We talk about the upcoming festival screening.

“I'm really excited for the Belfast Film Festival,” says Ian. “This is going to be our Northern Irish première, so I can't wait to share it with the audience here and see how people react to it. Belfast is a great festival. I've been there over the years with my short films, so it's a pleasure to return now with my first feature.

“Myself and the writer, Darrach, we have our next feature in development with Film Ireland, so we're just about to deliver the first draft of that. We're excited. It's a sort of genre horror thriller again, just on a bigger scale.”

“Are there any creatures or is it in the real world?” Pollyanna asks.

“It's in the real world, yeah.”

“People are always scarier,” she says, and he agrees.

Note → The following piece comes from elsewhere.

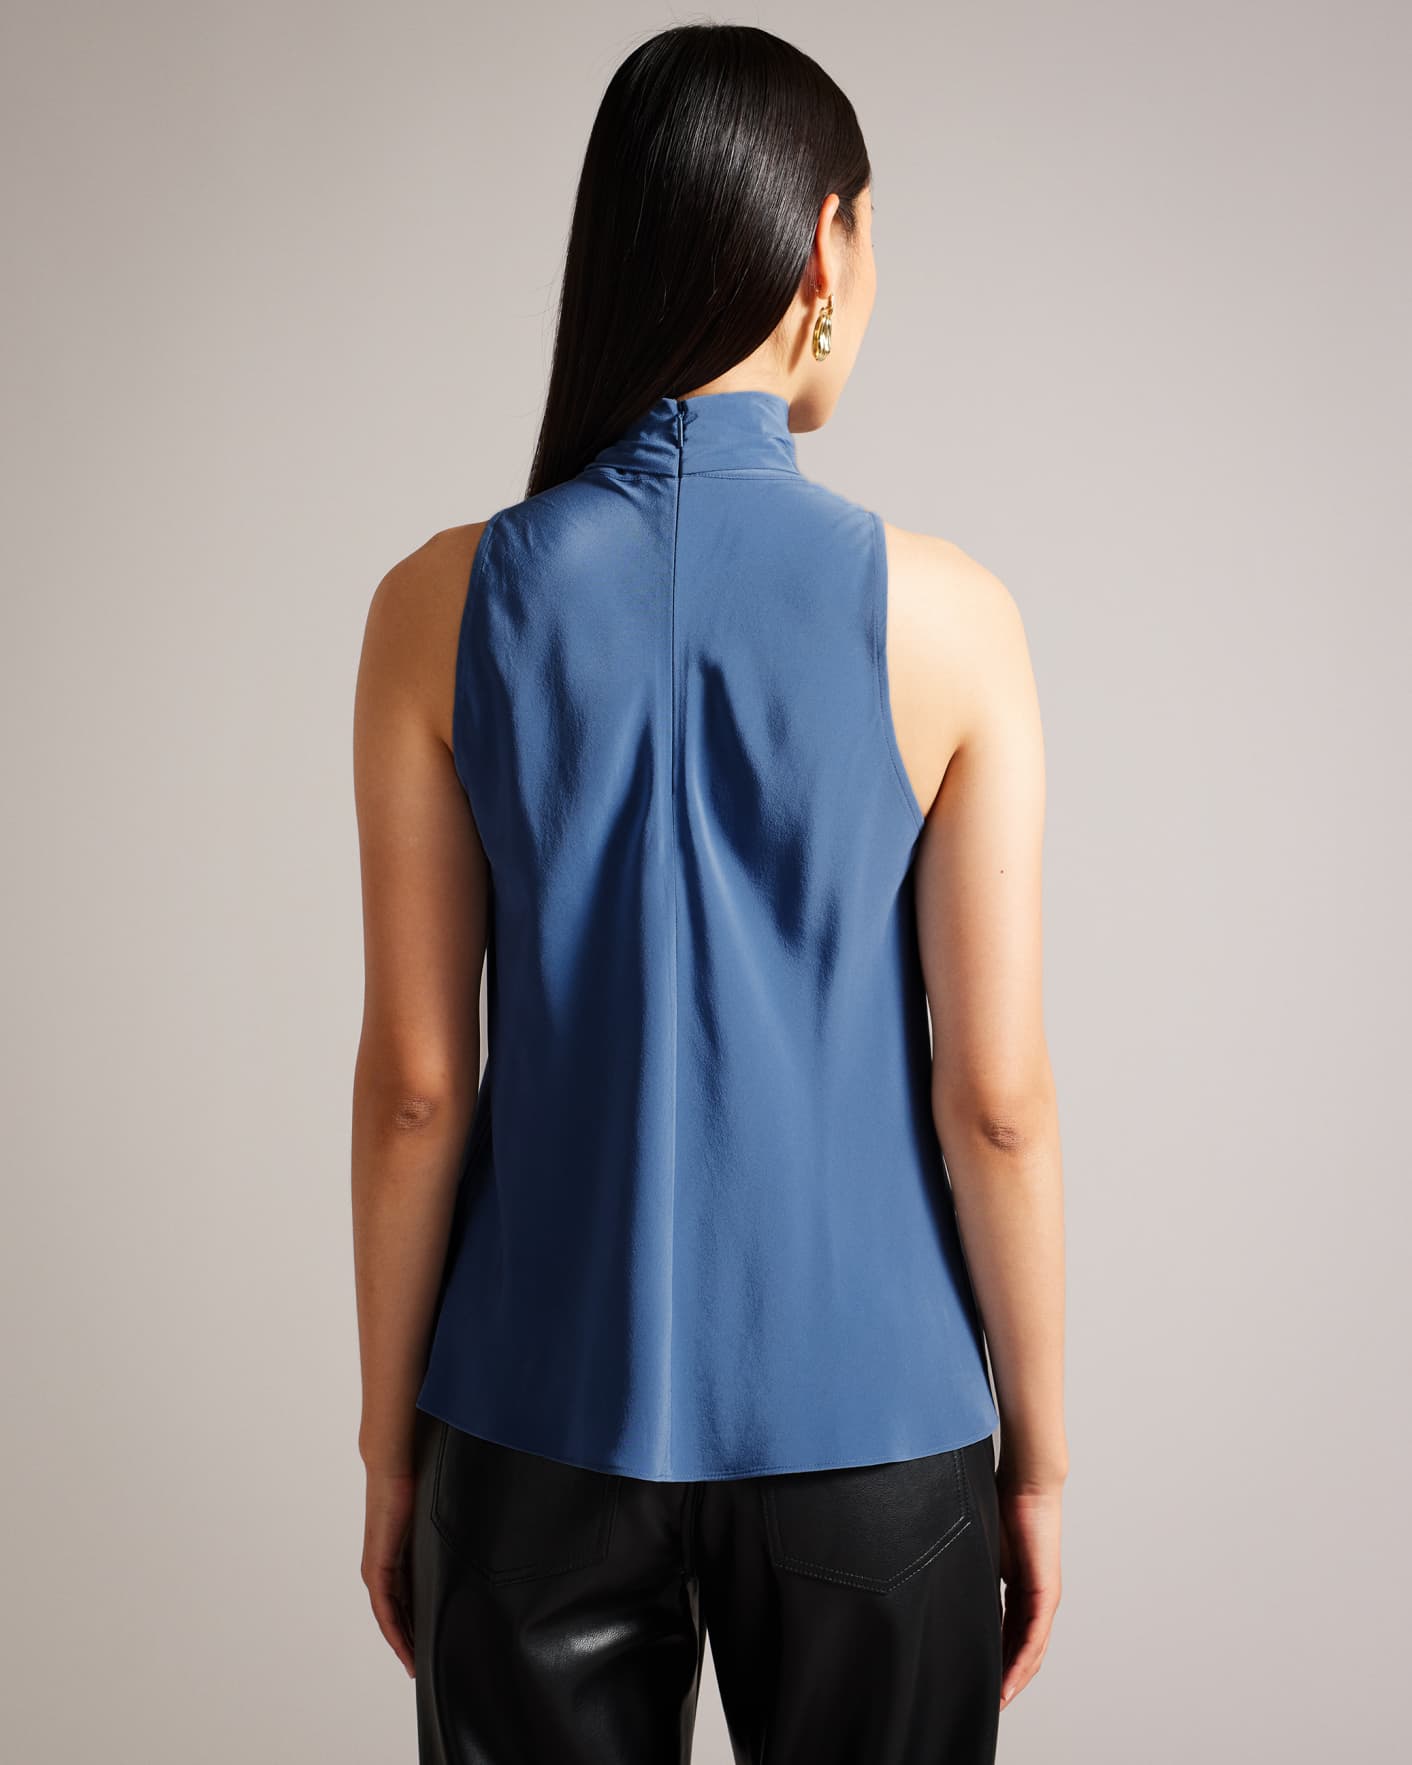 IMMIIE - BLUE | Blouses & Shirts | Ted Baker UK

“I just went to Belfast recently for the first time,” she says. “It was loads of fun and very different, and I’m really excited to see what people think of it up there. I've got a film on the festival circuit moment that I directed called Quicksand, which is a 22 minute short about a woman who's a sex addict. That's by an Irish writer, Siobhán Callaghan. She plays the lead and I play her girlfriend, and Liam Cunningham's in it. We've got a great cast, Philip O’Sullivan, and Kayode Akinyemi from Vikings: Valhalla as well. So we're bringing the old crew together.

“So yeah, we're running around doing festivals and enjoying that. And then I'm in development on a feature called Bride Squad, which is a comedy that I'm doing with Brico Films. We'll shoot that next May, hopefully. It’s a caper comedy. Women on the run, trying to look for a husband that's left one of them at the altar. And they're old friends, but their lives have changed a lot in between, so they're kind of trying to figure out their friendship again. I just thought it'd be really great fun and a great opportunity to work with some wonderful women, so I'm excited about that.”